Bir açılış etkinliğinden bazı gözlemler...

29 Şubat günü Bağımsız Devrimci Sınıf Platformu’nun Pendik bağımsız sosyalist belediye başkan adayı Melek Altıntaş’ın Kurtköy Sanayi Mahallesi’ndeki seçim bürosunun açılış etkinliğine katıldım. Daha önce de benzer bir çalışmaya tanık biri olarak gözlemlerimi sizlerle paylaşmak istiyorum.

Öncelikle dikkati çeken, 3 Kasım seçimlerine katılan bağımsız sosyalist adayların yaşadığı sıkıntı bu sefer yoktu. Gayet doğal, rahat ve ne demesi gerektiğini bilen, konusuna hakimiyet ve hazırlık söz konusuydu.

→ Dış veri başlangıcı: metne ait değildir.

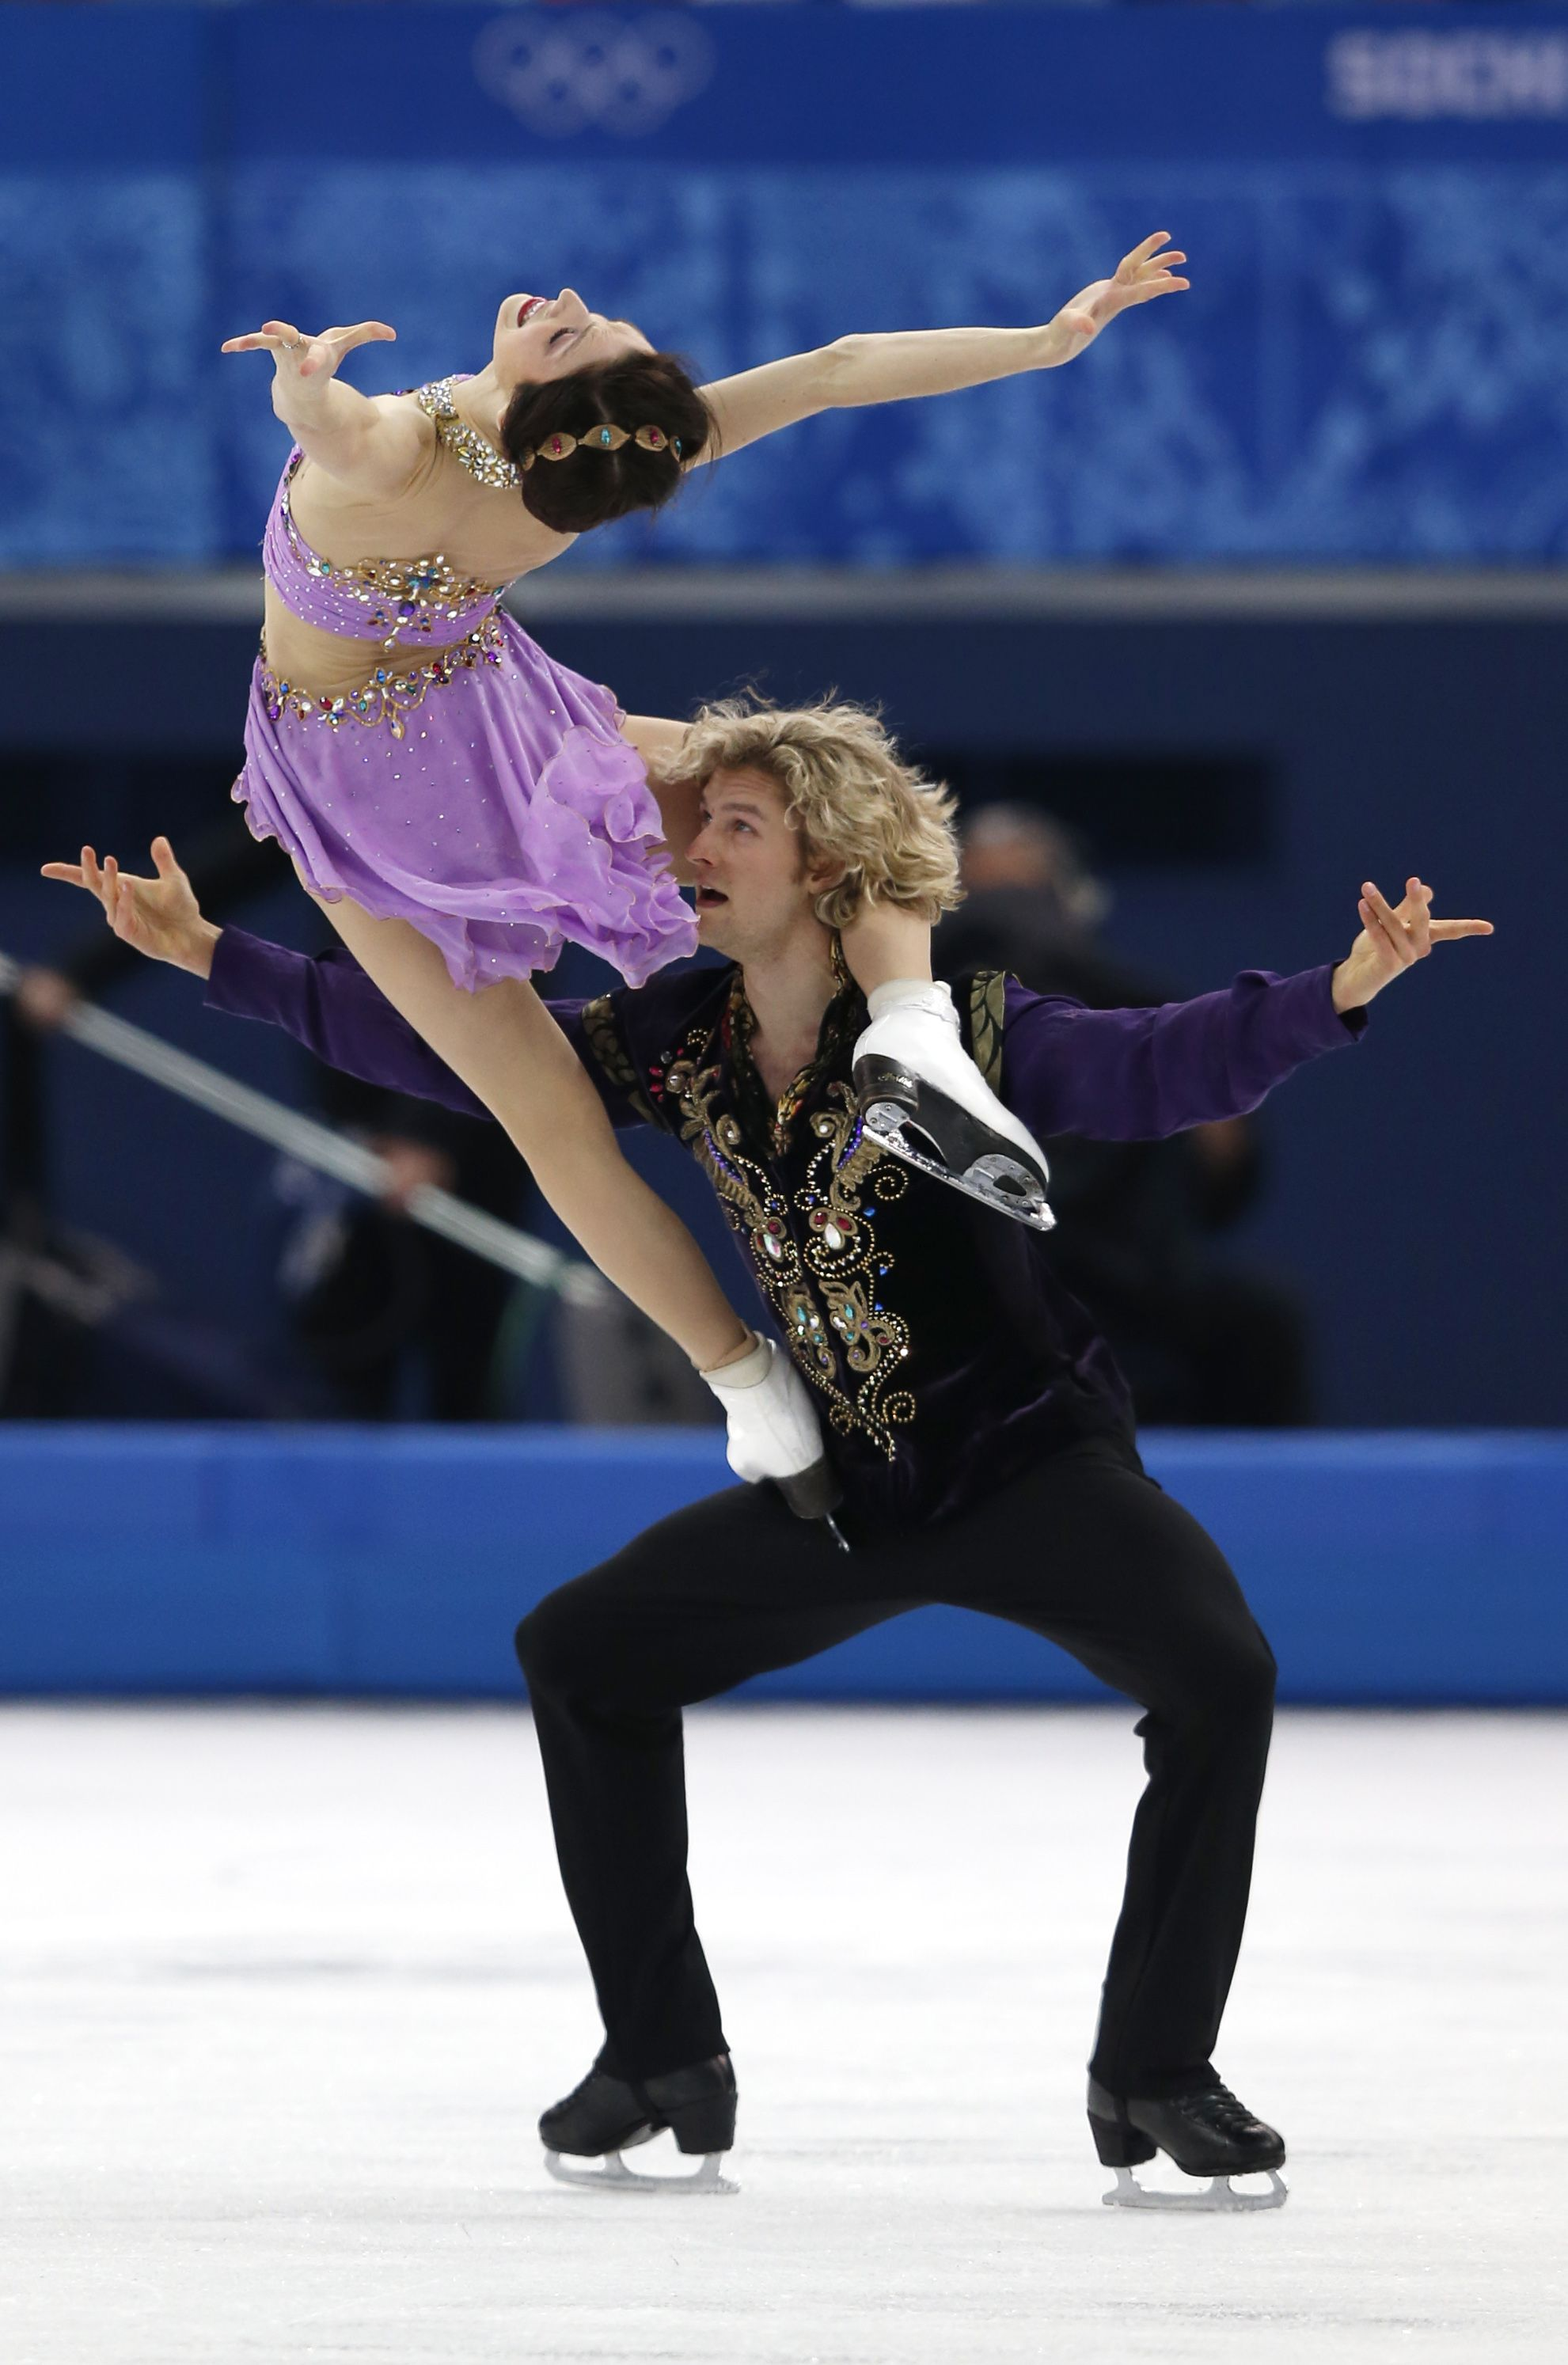 Meryl Davis and Charlie White won gold in 2014 in Sochi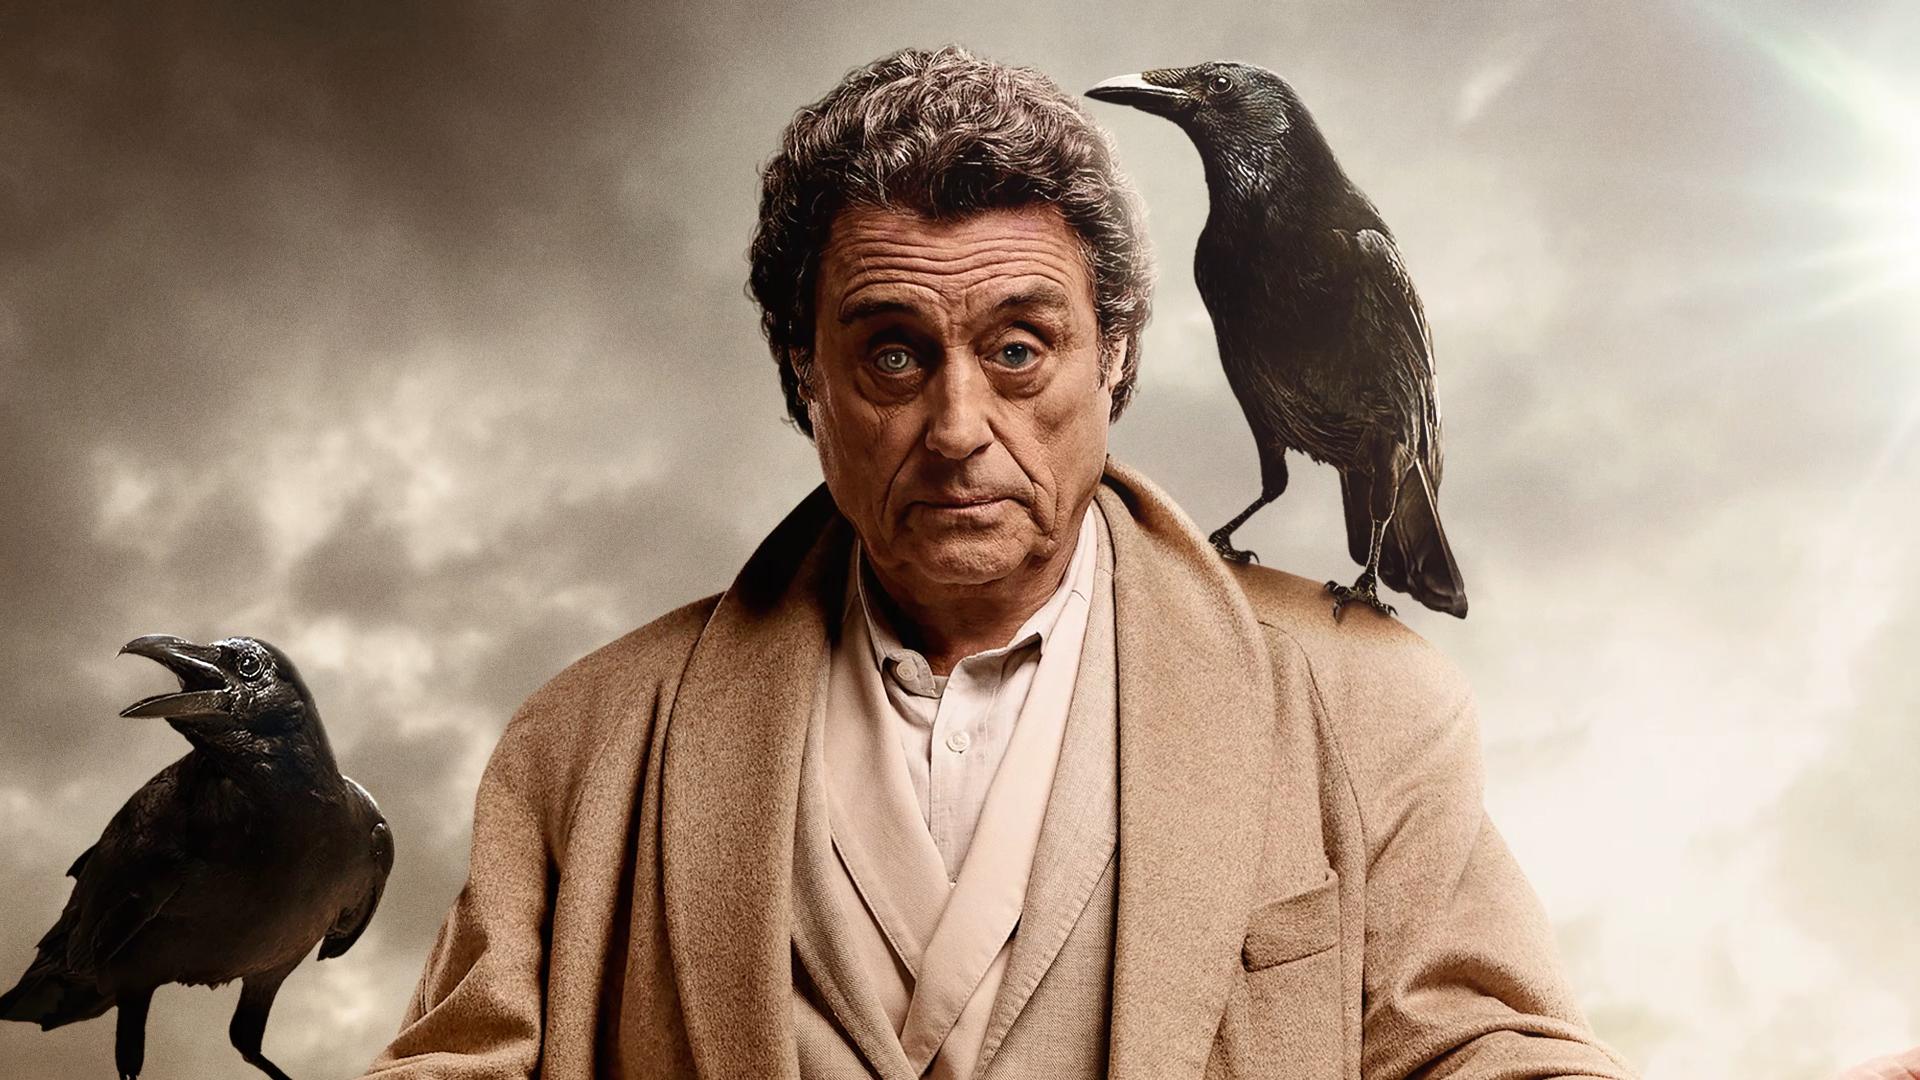 Wallpaper TV series, American Gods, crow, Ian McShane, actor

BDSP’li bir arkadaşın BDSP’nin seçim politikasını kısa ve özlü anlatımıyla başlayan etkinlik BDSP’nin İstanbul Büyükşehir ve Pendik bağımsız sosyalist adaylarının konuşmalarıyla devam etti. Kendilerini, mücadele geçmişlerini ve neden BDSP’den bağımsız sosyalist adaylar olarak seçimlere katıldıklarını anlattılar. Sınıf perspektifi ve bakışına dayalı, sınıfın örgütlenmesi ihtiyacı ve zorunluluğuna işaret eden, tatmin edici, anlaşılır ve örneklerle beslenen konuşmalar yaptılar. Daha sonra birkaç katılımcı da söz alarak düşüncelerini açıkladılar. Müzik dinletisinden önce de bir işçi iki şiir okudu. Müzik grubu çeşitli türküler ve devrimci marşlar söyledi.

Bildiğim kadarıyla mahallemizde ilk defa böyle bir etkinlik oluyordu. Mahallede oturanların büyük çoğunluğunun işçi olması ve aynı zamanda mahallenin sanayi bölgesi içinde olması çalışma için bir avantaj sayılmalıdır. Ancak yeni bir çalışma alanı olmasından kaynaklı olarak etkinliğe katılım zayıftı. Bu da doğaldır diye düşünüyorum. Yalnız bir hatırlatmada bulunmak istiyorum. Mahallede boya ve gaz fabrikaları bulunuyor. Bunlar sağlık ve can güvenliği açısından büyük bir tehdit oluşturuyor. Bu konuların da işlenmesi gerekirdi ya da işlenmelidir.

Katılımın beklenen düzeyde gerçekleşmemesi moral bozmamalıdır. Arkadaşlardaki o inanç, kararlılık ve bizlerin katkılarıyla bu zayıflık aşılacaktır. Bu onurlu çalışmayı yaparak biz işçilerin kölelikten kurtulma davasına katkı sunan ve içinde olan herkese başarılar diliyorum. Herkesi bu dostlarımızın ısrarla sürdürdüğü mücadele çağrısına katılmaya ve güç vermeye davet ediyorum.